Eve Karpf (born 2 August 1947) is a British actress. Among her roles was the voice of Weed for the 2001 Bill and Ben reboot. She was a voice of Dennis' mum, Matilda in the 1996 Dennis the Menace television series,  Mrs. Bird in The Adventures of Paddington Bear and The Voice in Trapped!. Karpf also featured in several audiobooks, among them A Creepy Company who was praised as being "a marvelous performer whose storytelling talents keep the listener spellbound." She is known for being the voice of the Ferrero Rocher commercial line, "Monsieur, with these Rocher, you're really spoiling us."

She has numerous minor roles in video games from various franchises based on other media, including James Bond and Star Wars. Her credits include Minerva McGonagall in the Harry Potter video games, including Philosopher's Stone (released in the US as Sorcerer's Stone), Chamber of Secrets, Prisoner of Azkaban, Order of the Phoenix, Half-Blood Prince and Deathly Hallows – Part 2. She also did the voice over for the role of Monica the mother of St.
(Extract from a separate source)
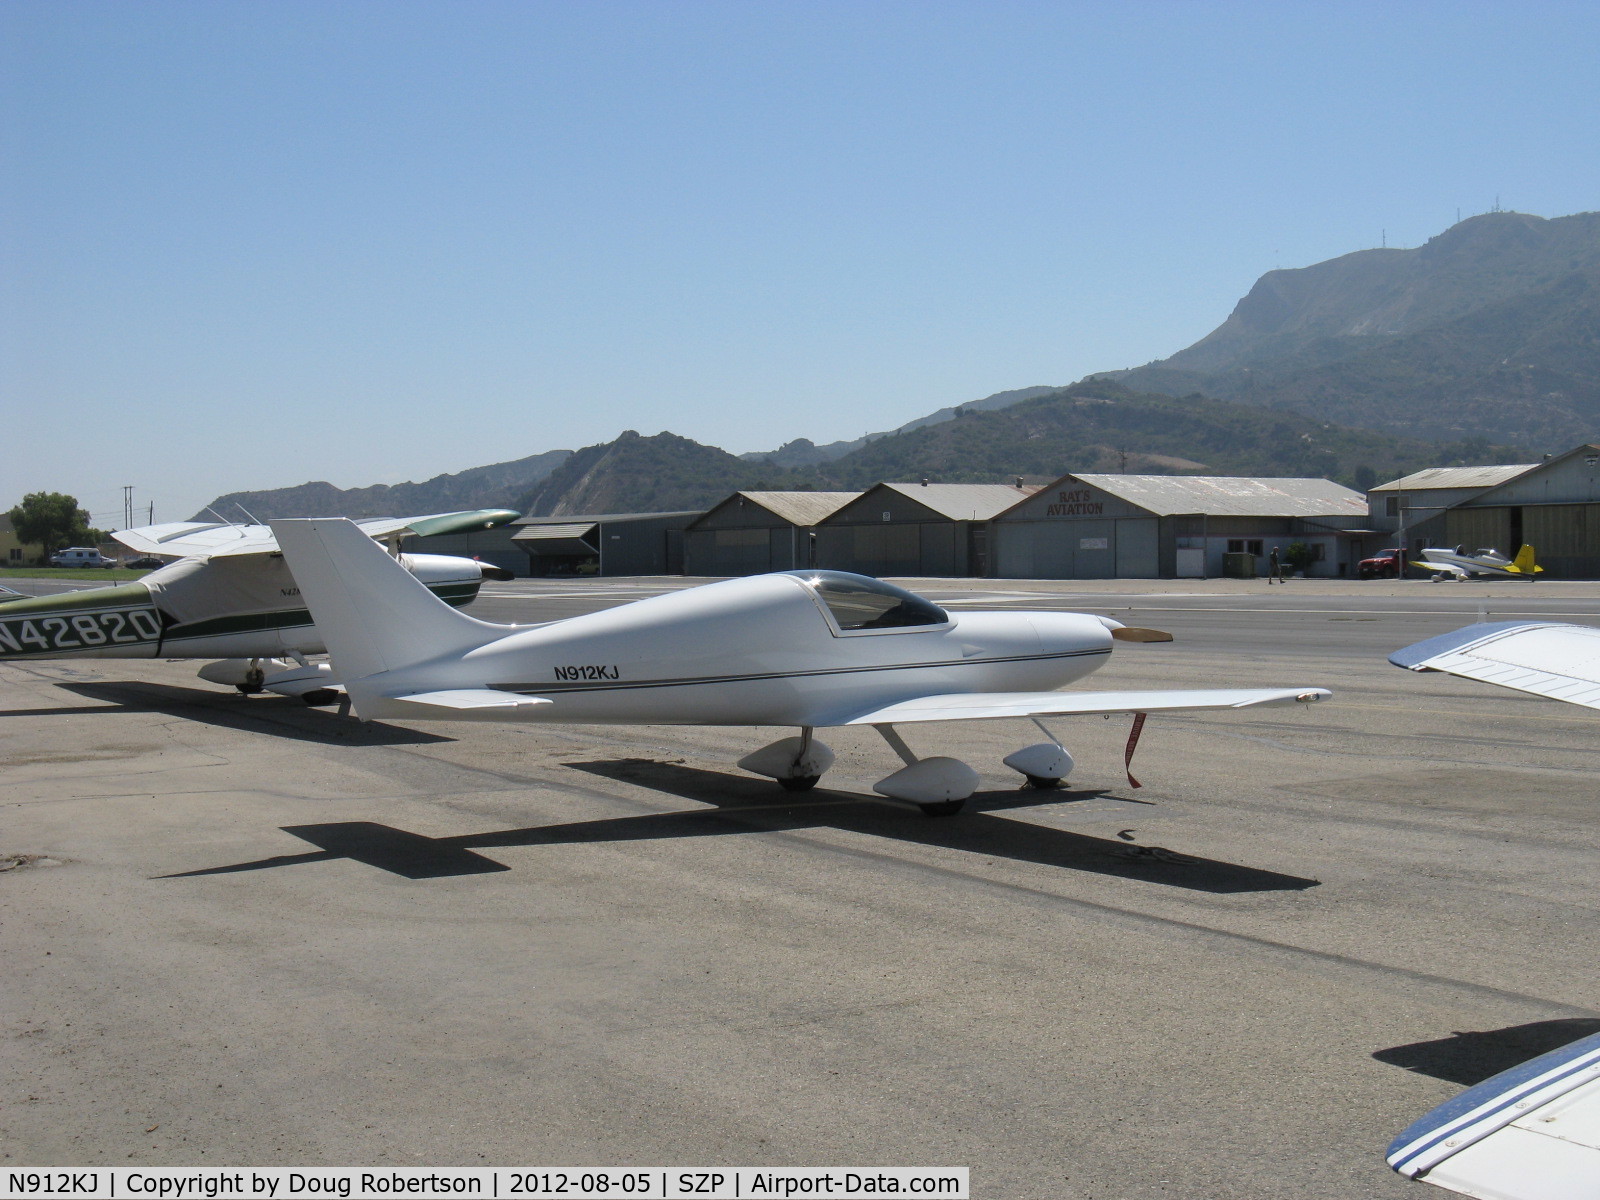 N912KJ, 2000 Aero Designs Pulsar XP912 C/N 349, 2000 Goodwin PULSAR 912XP, Rotax 912 100 Hp

Augustine in the movie Restless Heart (Ignatius Press), Kristina Boaz in the 2003 video game Tomb Raider: The Angel of Darkness, the cat Alvina in 2011 video game Dark Souls and the elf Fiona in the 2014 video game Dragon Age: Inquisition. She is also represented by Hobson's International until 2009.

References

External links

1947 births
Living people
20th-century British actresses
21st-century British actresses
Actresses from London
Audiobook narrators
British film actresses
British television actresses
British video game actresses
British voice actresses
Place of birth missing (living people)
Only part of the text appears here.